A simple measure of linear relationship is the correlation coefficient. The measure is not relevant for non-linear relationships. Correlation coefficient of two variables x and y is is calculates as:
correlation(x, y) = covariance(x, y) / (std-dev(x) * std-dev(y))
It’s a number that in the range [-1,1]. Any number closer to zero implies no correlation, and closer to either extremity means higher linear correlation.

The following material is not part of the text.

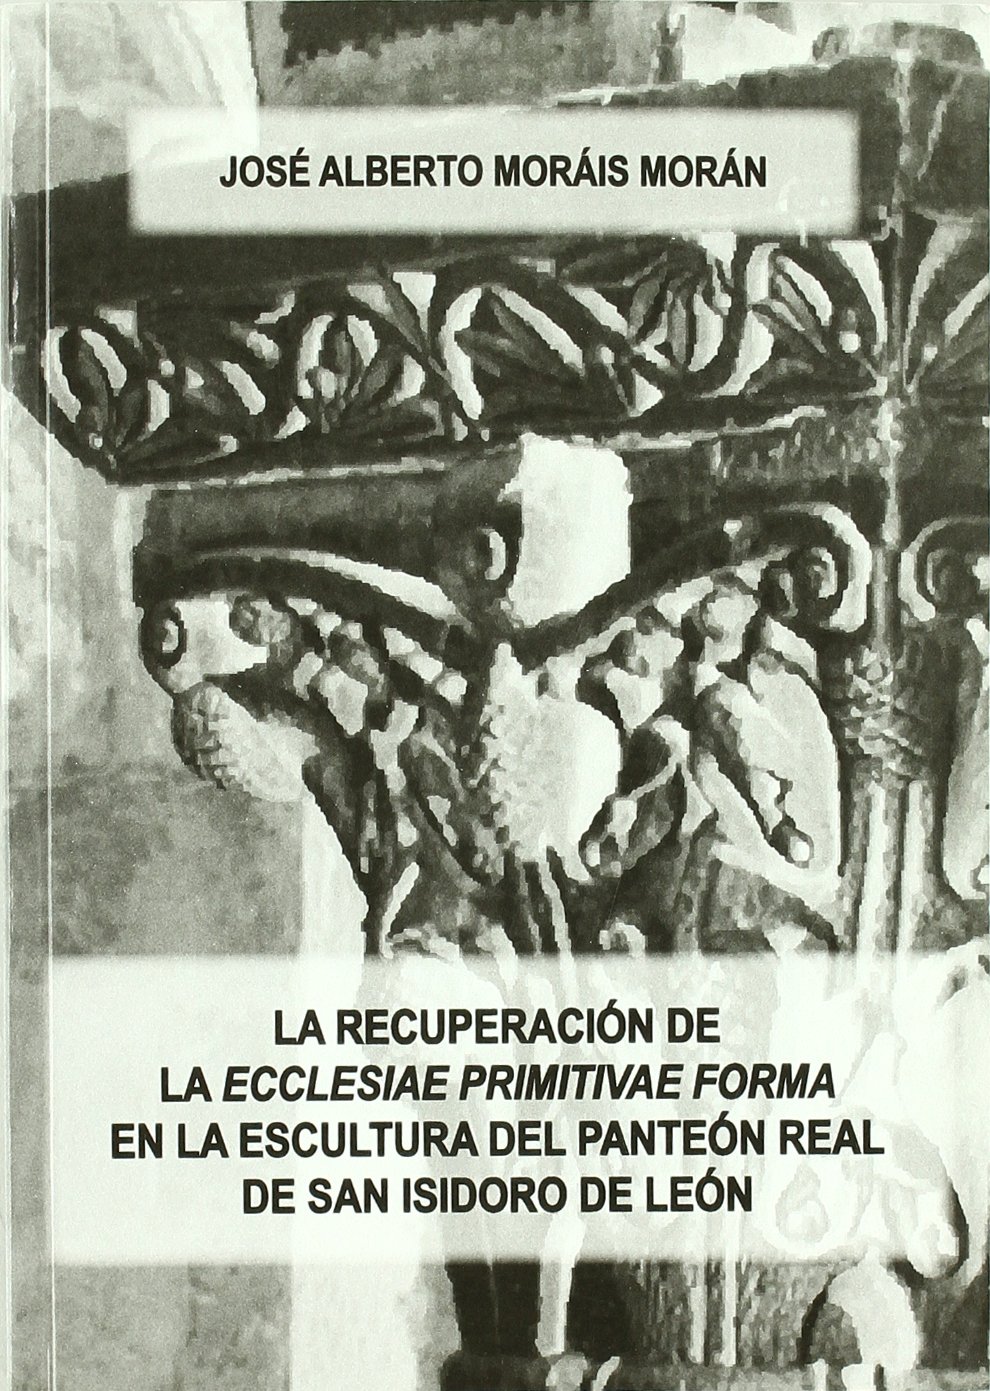 Imagen de portada del libro La recuperación de la "ecclesiae primitivae forma" en la escultura del Panteón Real de San Isidoro de León

- Negative one (-1) means negatively linearly correlated
- Positive one (1) means positively linearly correlated
- Zero (0) means no correlation
Example: Let’s take this random sample.
| X | Y | Y1 | Y2 | Y3 |
| 1 | 3 | -3 | 83 | -100 |
| 2 | 8 | -8 | 108 | 250 |
| 3 | 15 | -15 | 146 | -50 |
| 4 | 24 | -24 | 98 | 150 |
| 5 | 35 | -35 | 231 | -50 |
| 6 | 48 | -48 | 220 | 155 |
| 7 | 63 | -63 | 170 | -125 |
| 8 | 80 | -80 | 100 | -150 |
| 9 | 99 | -99 | 228 | -12 |
| 10 | 120 | -120 | 234 | 190 |
| X and Y | X and Y1 | X and Y2 | X and Y3 |
| 1 | -1 | 0.6 | 0 |
Visually, we can see that as X increases, Y increases linearly, and Y1 decreases linearly. Hence, the correlation coefficient is positive (1) and negative (-1), respectively. There is no linear relation between X and Y3, and hence, the correlation is 0. The relationship between X and Y2 is somewhere in between with a positive correlation coefficient.

If X is the number of hours bowler practices and Y2 is the number of wickets, then the correlation between the two can be considered positive.
If X is the number of hours bowler practices and Y3 is the audience popularity score, then the correlation between the two can be considered negligible.
If X is the number of years a leader leads a nation, and Y or Y1 is his popularity index, then the correlation between the two can be considered linearly increasing or decreasing, respectively.
Summary
Data analysts analyze data to generate insights. Insights could be about understanding the past or using the past to predict the (near) future. Using statistics and visualization, the data analysts describe the data and find relationships and patterns. These are then used to tell the story or take actions informed by data.